Another difference between the two is that NV is assigned arbitrarily, while demand and supply forces determine the market value.
Nominal Value vs Real Value
It is essential to know the difference between nominal and real value when it comes to economics. In economics, the NV is the value or percentage without adjusting for inflation. The real value, on the other hand, is the actual value that an investor would realize after adjusting for inflation.
Calculating real values gets very important in cases where inflation may skew the results significantly. For example, a bond offers a coupon rate of 3%, but inflation is 3.5%. The real rate, in this case, will be -0.5%, meaning the investor is actually at a loss with 3% interest.
GDP (Gross Domestic Product) figures are also in nominal terms. However, they do not always give the right picture. If a country has experienced a GDP growth, then the growth could be due to an increase in the price levels. If such is the case, then it is not the sign of a healthy economy. To get the accurate picture, we need to find the real GDP figure.

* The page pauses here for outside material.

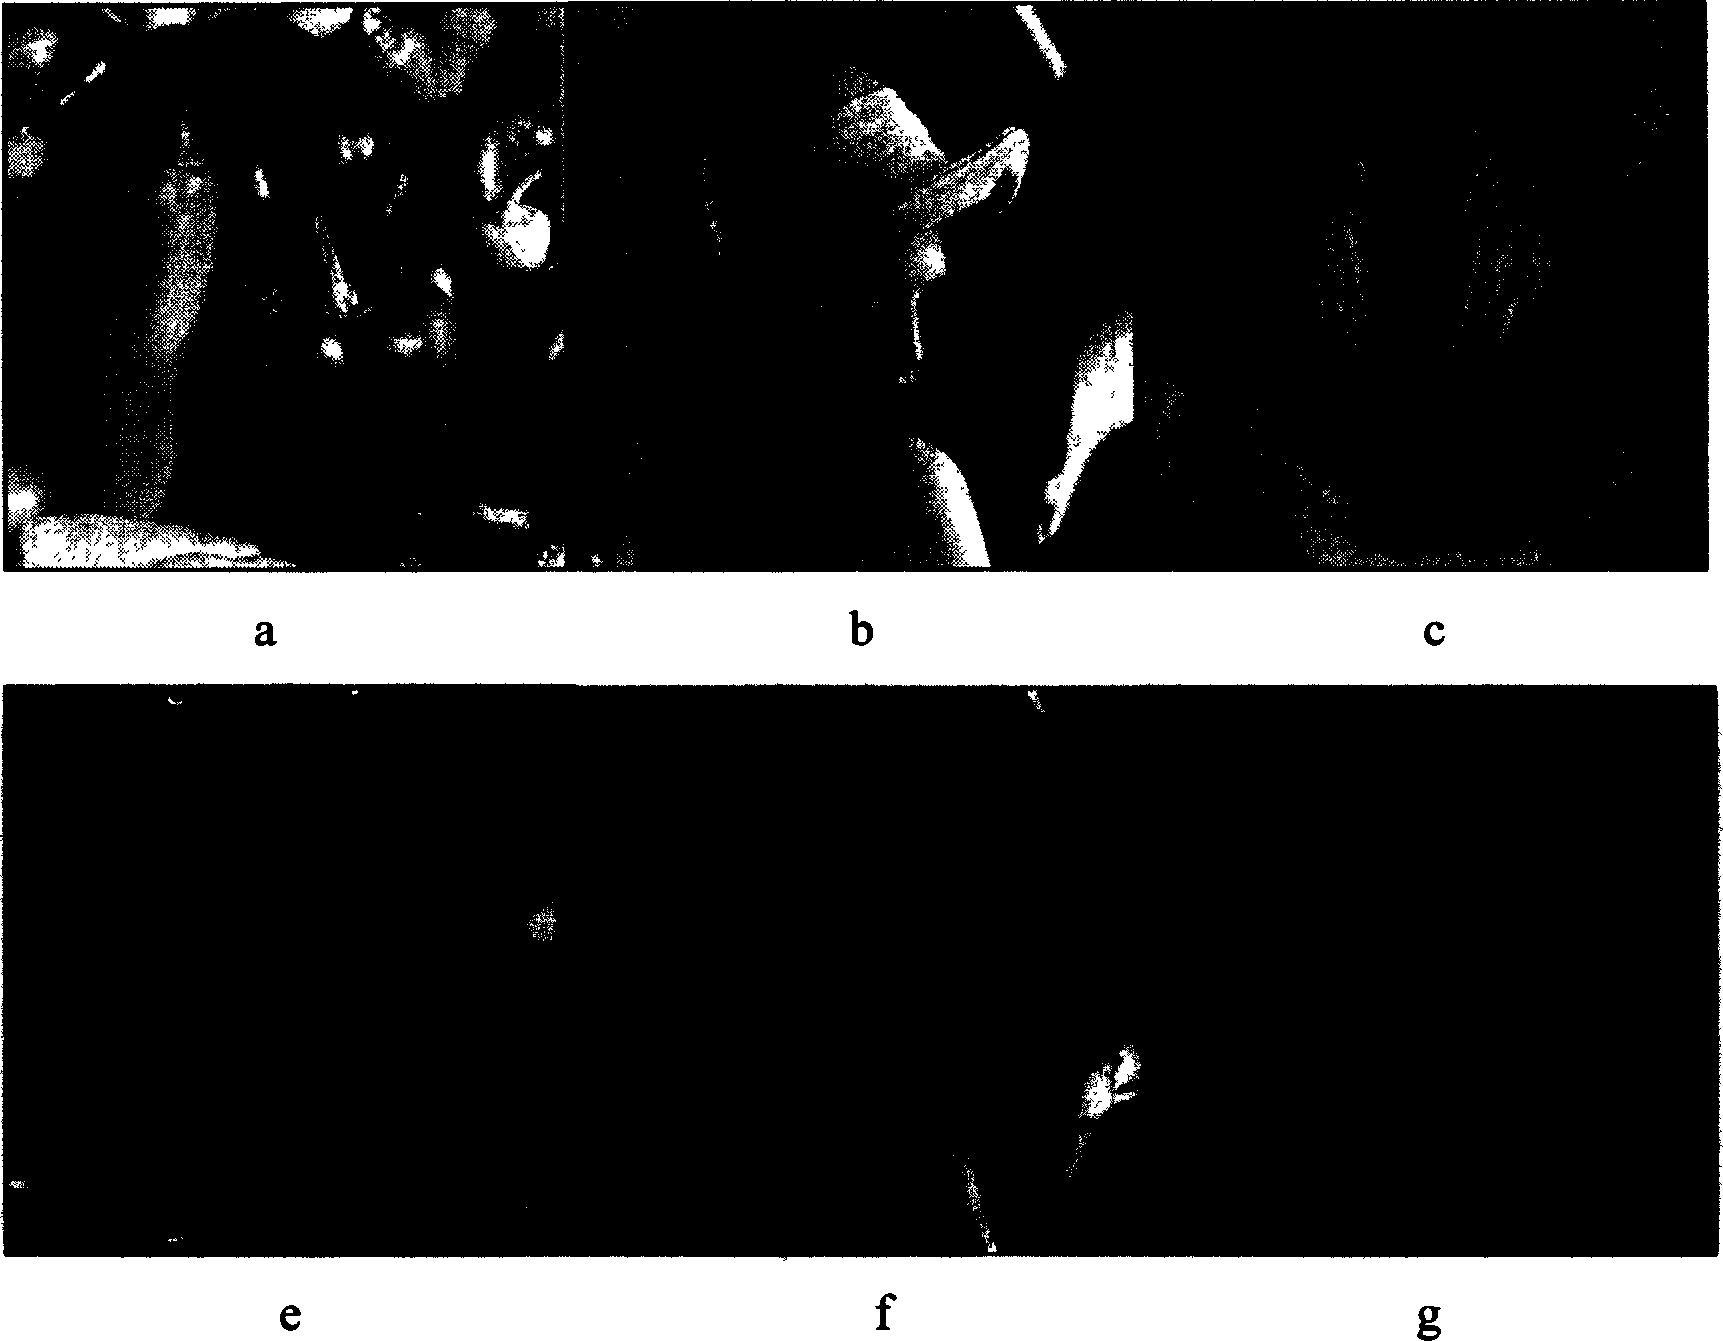 Synchronous self-adaptable watermark method based on image continuity
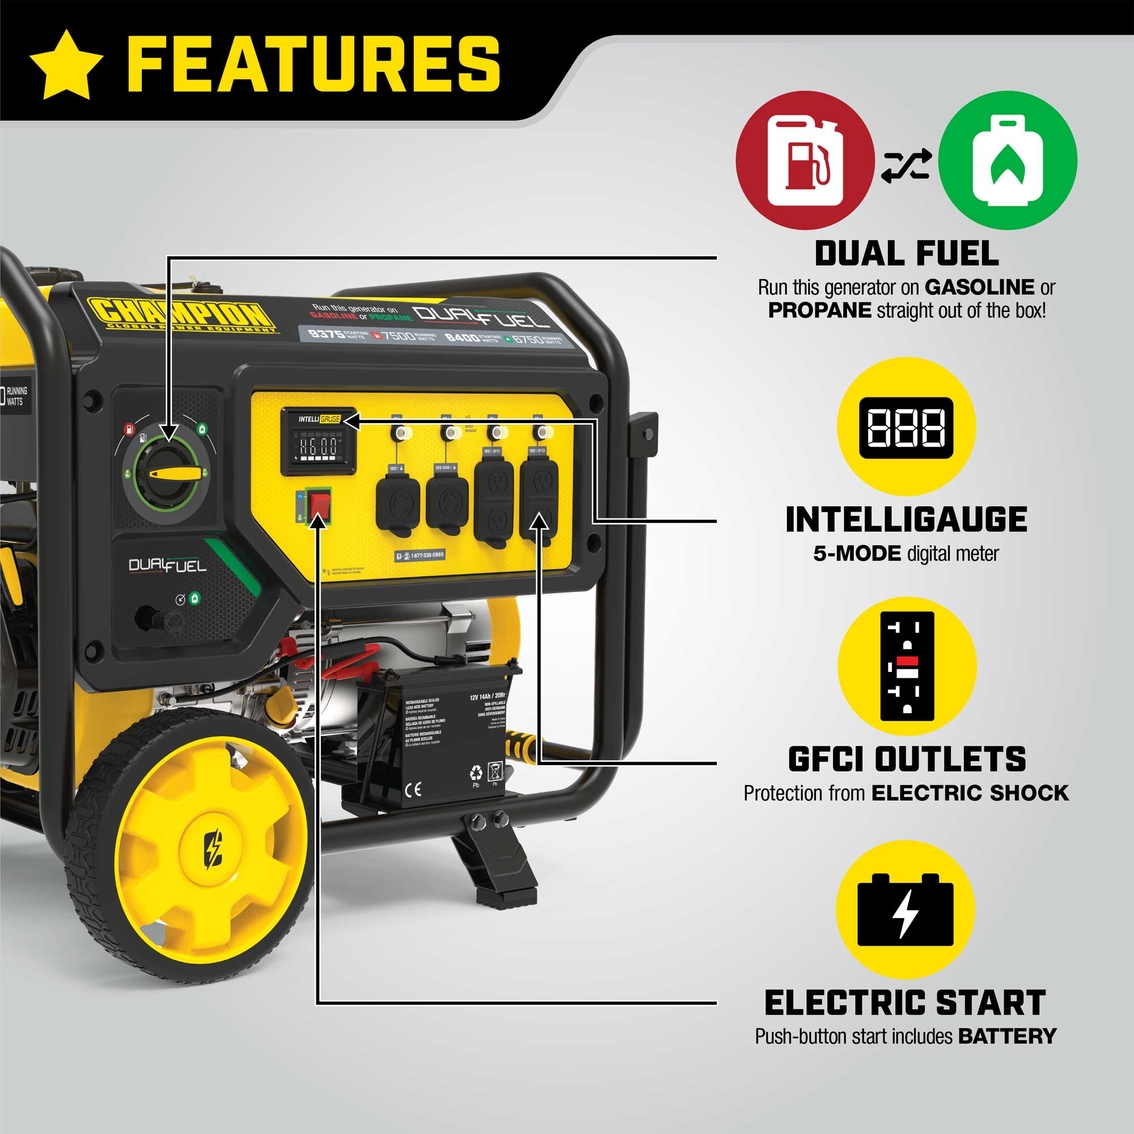 Champion 7500W Dual Fuel Portable Generator with Electric Start - Image 4 of 8

Even though the nominal values are simple and easy to understand, they suffer from a few drawbacks as well. These are:
- One should not just depend on the NV to make a decision. Often nominal values do not give an accurate picture.
- We must always base investment decisions on the real rate of return. It is because; taxes, inflation, and other costs play a crucial role in deciding whether or not to go for an investment. For example, if you are considering investing in a foreign country, then along with the nominal interest, you must consider the inflation rate, currency exchange fluctuations, and other factors to determine the viability of an investment.
- In terms of economics, the nominal value is useless when comparing over time. It is because it does not adjust for inflation.